Of course, you can download the data I collected and play for yourself.

Experiment setup

I submitted one of the first samples on 17/03/2020 (because corona lockdown was getting boring). Then life happened. After deciding to revisit this project I submitted the other 4 samples around March 2021. I collected the following features (some ommited for brevity):

Windows version + arch
CPU name + core count
local and internet IP address
CPU counters
disk partitions and counters

What did learn?

OS version

First, I noticed that 78% of all the sandboxes run Windows 7 build 7601 (the most famous pirated version ). That accounts for 40 out of the 51 executions. The table below illustrates it all. As it seems, the only versions are Windows 7 (build 7600 and 7601) and some flavor of Windows 10. A malware sample will have a high chance of being run on a real machine if the detected OS is anything but the following.

OS version	# execs
Win 7 build 7601	40
Win 10.0.18362	3
Win 7 build 7600	3
Win 10.0.14393	3
Win 10.0.17134	2

Timeline analysis

In this section I will analyze some runtime features of the sandboxes.
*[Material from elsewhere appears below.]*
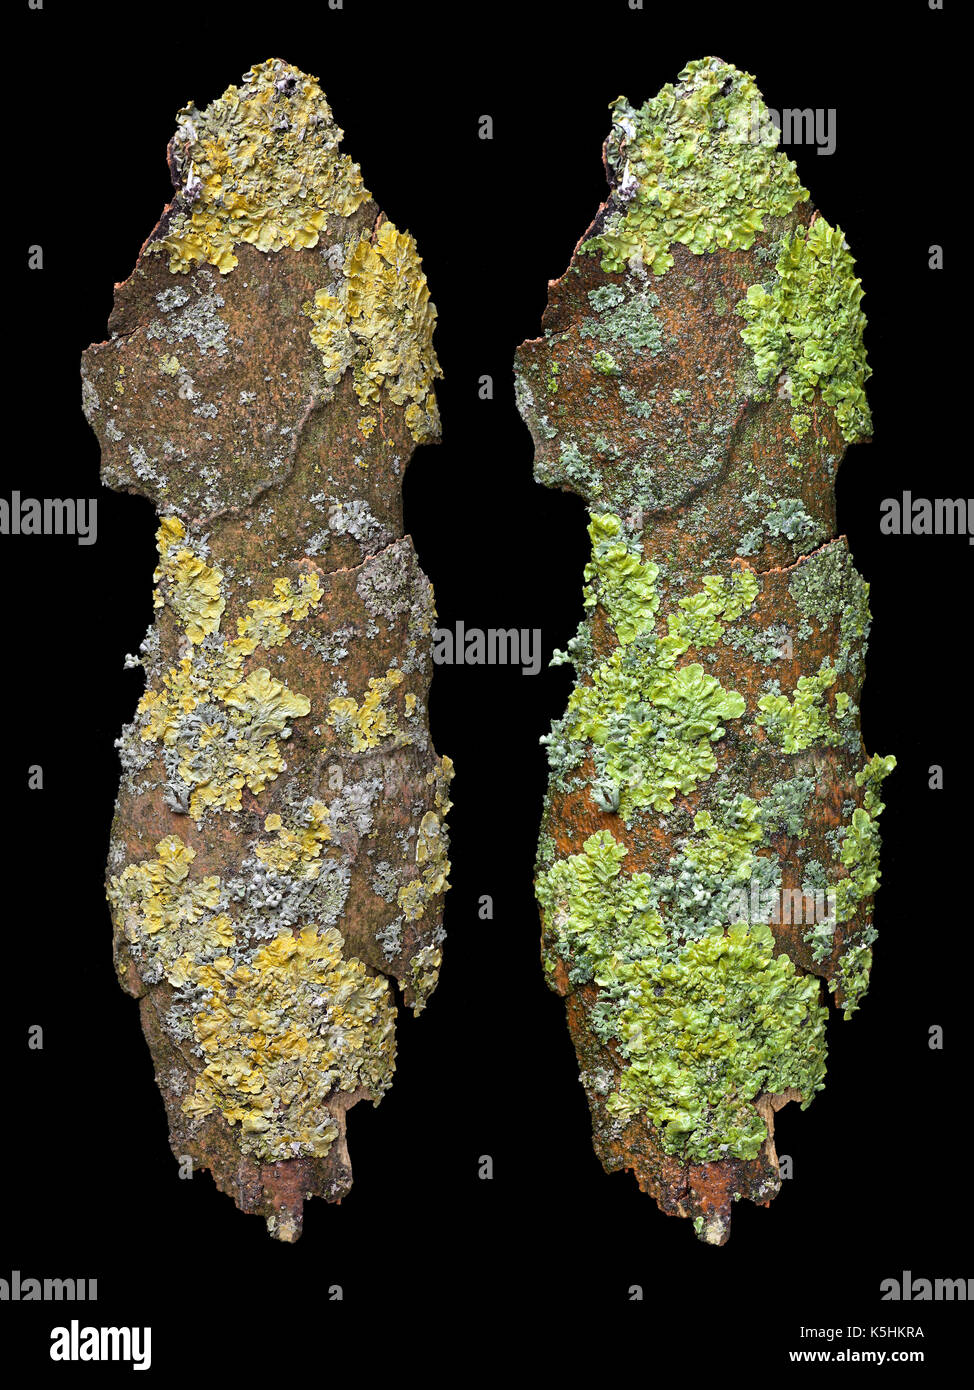 Confronto analitico di lichen appearence; secco (sinistra) imge wet (a destra) Il contrasto dei colori e tonalità cambia notevolmente. Foto Stock

Here there are some interesting features malware authors can use to quickly identify sandboxes. There are also some lessons I learned from looking at the executions.

First off, I wanted to see how many executions we were getting per malware and how often. This is particularly important since in our paper we showed that a malware need to run in 3 random environments at least every 3 weeks.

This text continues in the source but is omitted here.